Google crawl url with index.php

Permalink
Hello guys,

I've just realised something about all concrete5 websites.
I'm looking at one of our website analytics account and it seems that there are pages that are /index.php/ and then others that don't have that....this seems to be creating a problem with analytics. For example, there are a number of visits to /index.php/appointment-thank-you which aren't included in the goal conversions....

There should be a way to stop google from listing the index.php versions of the page paths. because at the moment, the problem is that google is crawling the index.php version and also the non index.php version....there should be a way of avoiding this.

I think that you will always be able to load both versions, but we should be able to tell google to only crawl the ones without index.php. That way no one will ever visit the index.php versions...? Could you please help me how to fix this problem? is there any where to stop google crawling the pages with index.php and also redirect the url with index.php to the correct url with out index.php ?

Thank you

Aida

 
drbiskit replied on at Permalink Reply
drbiskit
1 - First, switch on Pretty url's in the backend:
yoursite.com/index.php/dashboard/system/seo/urls/

2 - Then make sure that the correct code provided is included into your .htaccess file

3 - add this to your config/site.php file:
define('URL_REWRITING_ALL', true);

4 - Update your sitemap:
yoursite.com/index.php/dashboard/system/optimization/jobs/

5 - Check the sitemap, and make sure only the correct urls are included:
yoursite.com/sitemap.xml

6 - If correct, submit your sitemap to Google Webmaster account:
http://www.google.com/webmasters/...

That should hopefully rectify the situation.

You can also request that specific urls are removed from the site indexing using the Google Webmaster tools.

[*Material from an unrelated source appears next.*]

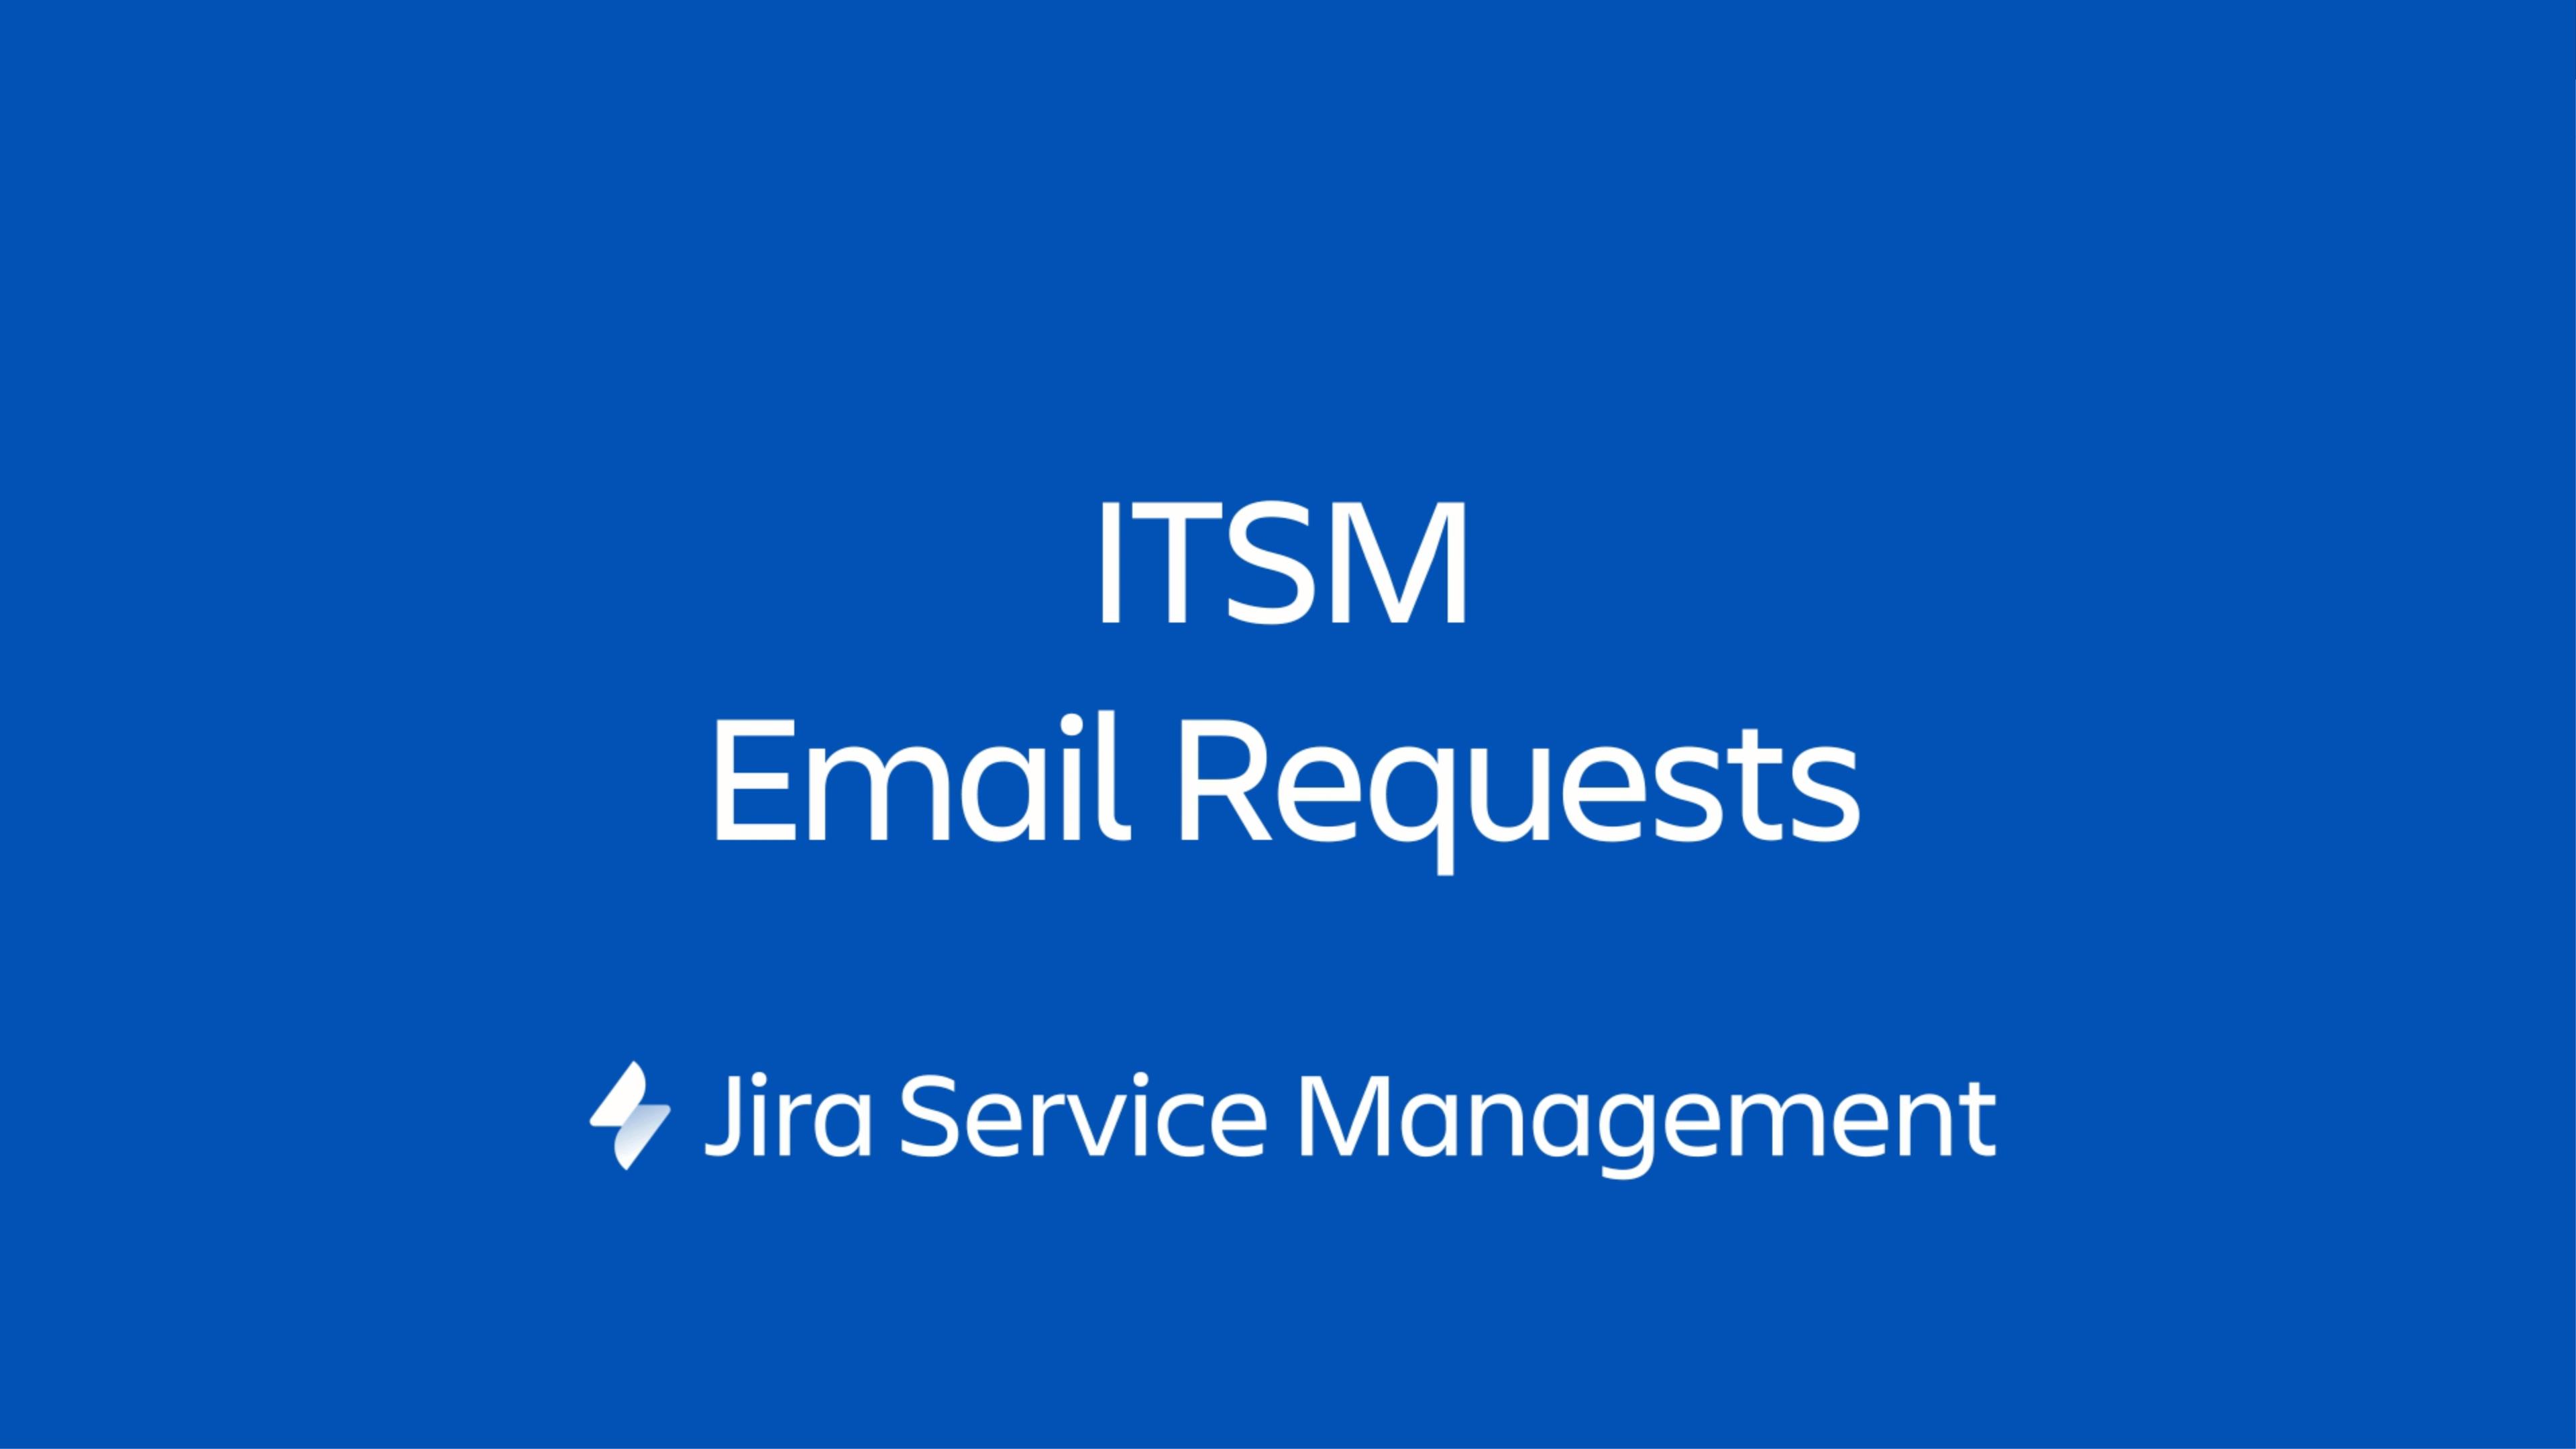 Wnioski ITSM wysyłane pocztą e-mail w Jira Service Management

If you have done steps 1-4, and you are still getting 'index.php' in your urls, something else isn't right - but let's see how you get on with the above first.
northsid replied on at Permalink Reply
Hello and thanks for your help.

The thing is that I have checked thewebsite/sitemap.xml and there is no index.php in any of the urls so I was thinking maybe concrete5 creates an auto index file with index.php in it?! can this be the case?

Thanks :)
drbiskit replied on at Permalink Reply
drbiskit
Ah okay... No, not as far as I know. Are you 100% sure that none of the actual links on your site are using 'index.php' in the url paths? I know that some 'navigation related' addons will use them by default, and may need some tinkering to fix.
northsid replied on at Permalink Reply
Yes I'm quite sure, I have checked all urls and there is no index.php in there! I've got no idea how that happened! anyway I think I'm gonna submit the sitemap again just to make sure Thanks for your help.
northsid replied on at Permalink Reply
Is there anyway we can make sure that google doesn't index urls with index.php? like in robot.txt or something?
drbiskit replied on at Permalink Best Answer Reply
drbiskit
Hmmm, okay. I don't think that you can do this via robots.txt (although I'm willing to be proved wrong here!), and as far a I understand, disallowing a URL via robots.txt will not necessarily prevent it from appearing indexed in search results pages - there are ways that the bots get round that, if e.g. it finds a link embedded on another site, etc.

You can add some content to your .htaccess file (using the redirect directive) to force pages to do a permanent (301) redirect to the canonical url in each case:

# Redirect index.php Requests
# ------------------------------
RewriteCond %{THE_REQUEST} ^GET.*index\.php [NC]
RewriteCond %{THE_REQUEST} !/system/.*
RewriteRule (.*?)index\.php/*(.*) /$1$2 [R=301,L]

To fix the issue with Google, I would also recommend using the URL removal tool in Google Webmaster Tools - at least that should help you to get the correct set of urls in place on the Google SERPS.
http://www.google.com/webmasters/...

Also take a look at this Google post about duplicate content, it may be helpful:
http://support.google.com/webmasters/bin/answer.py?hl=en&answer...
northsid replied on at Permalink Reply
Perfect thank you so much :) the redirection is working very well :)